--- Dataset content Enclosed Below ---

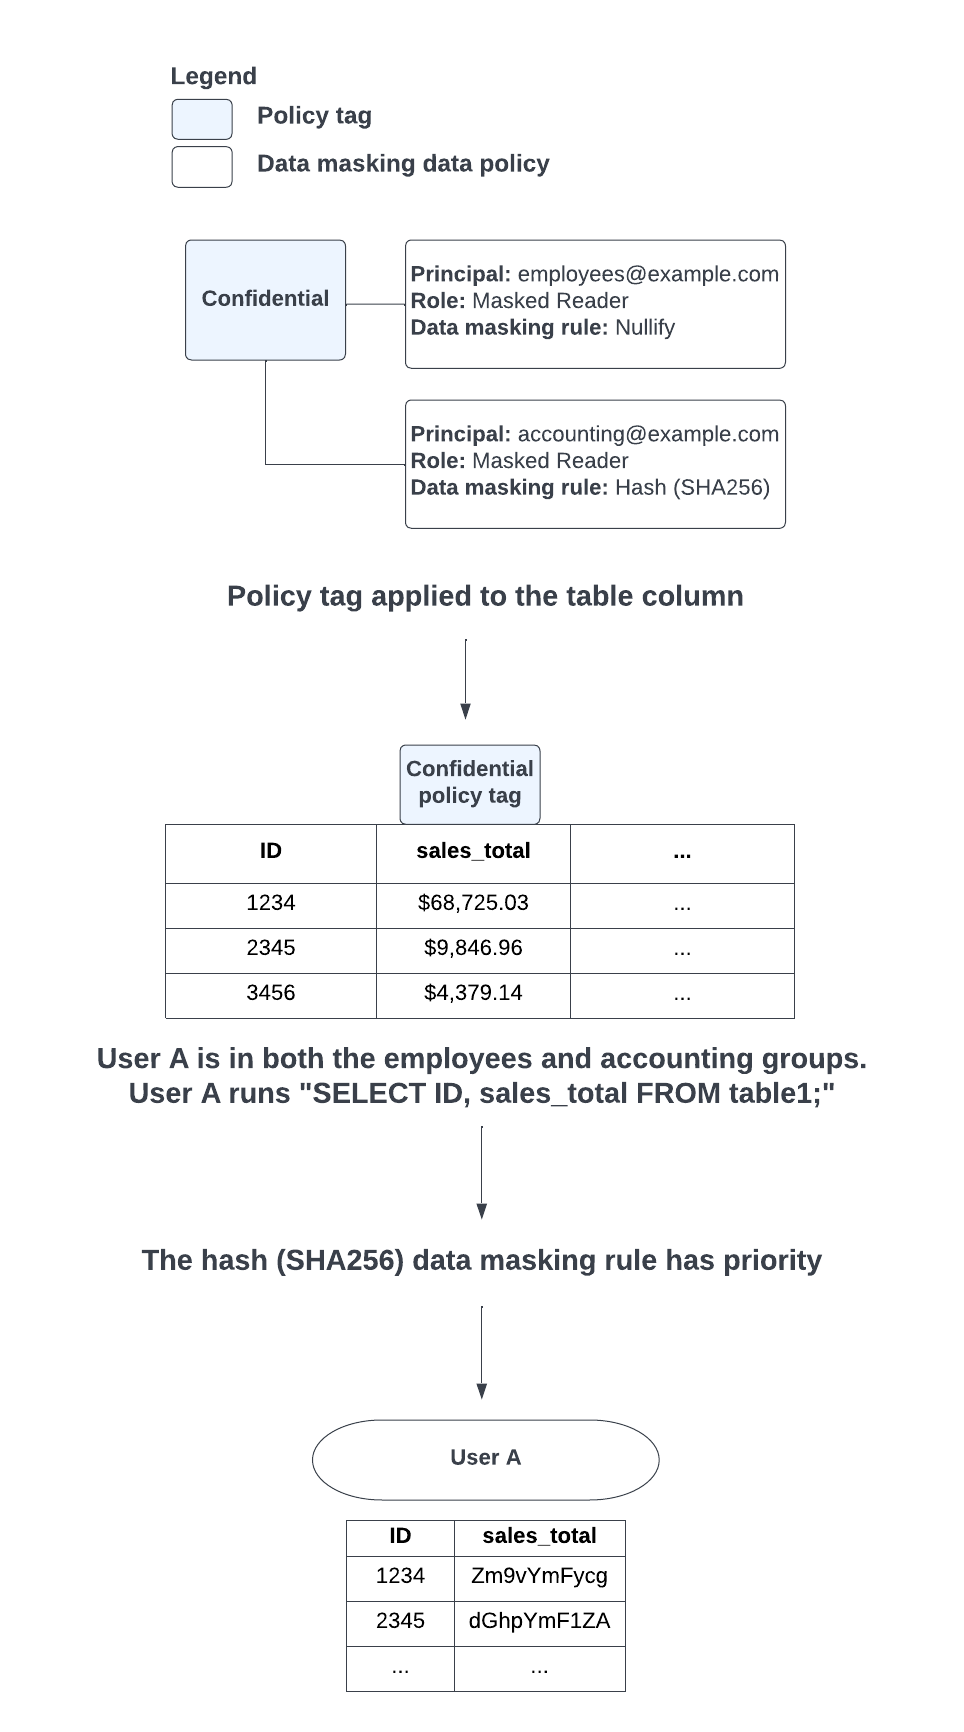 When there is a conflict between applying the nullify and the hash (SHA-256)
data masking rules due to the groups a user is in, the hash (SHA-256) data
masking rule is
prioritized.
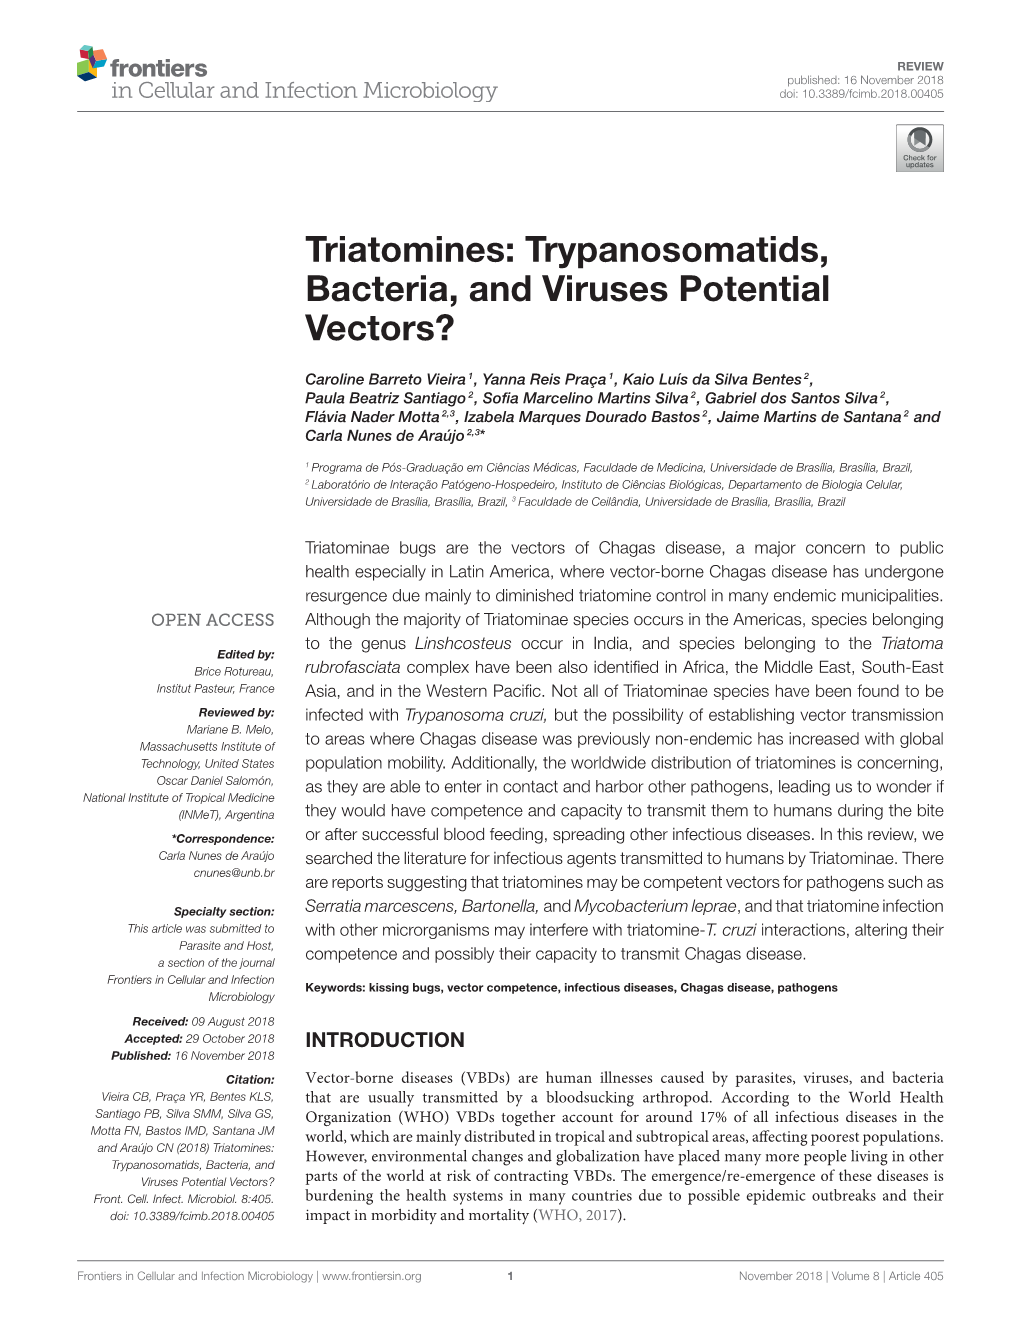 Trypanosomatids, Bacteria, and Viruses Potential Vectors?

--- End of Enclosed Dataset content ---

■ Exercise
Restate the records above word for word. Skip every picture.

■ Answer box
 When there is a conflict between applying the nullify and the hash (SHA-256)
data masking rules due to the groups a user is in, the hash (SHA-256) data
masking rule is
prioritized.
 Trypanosomatids, Bacteria, and Viruses Potential Vectors?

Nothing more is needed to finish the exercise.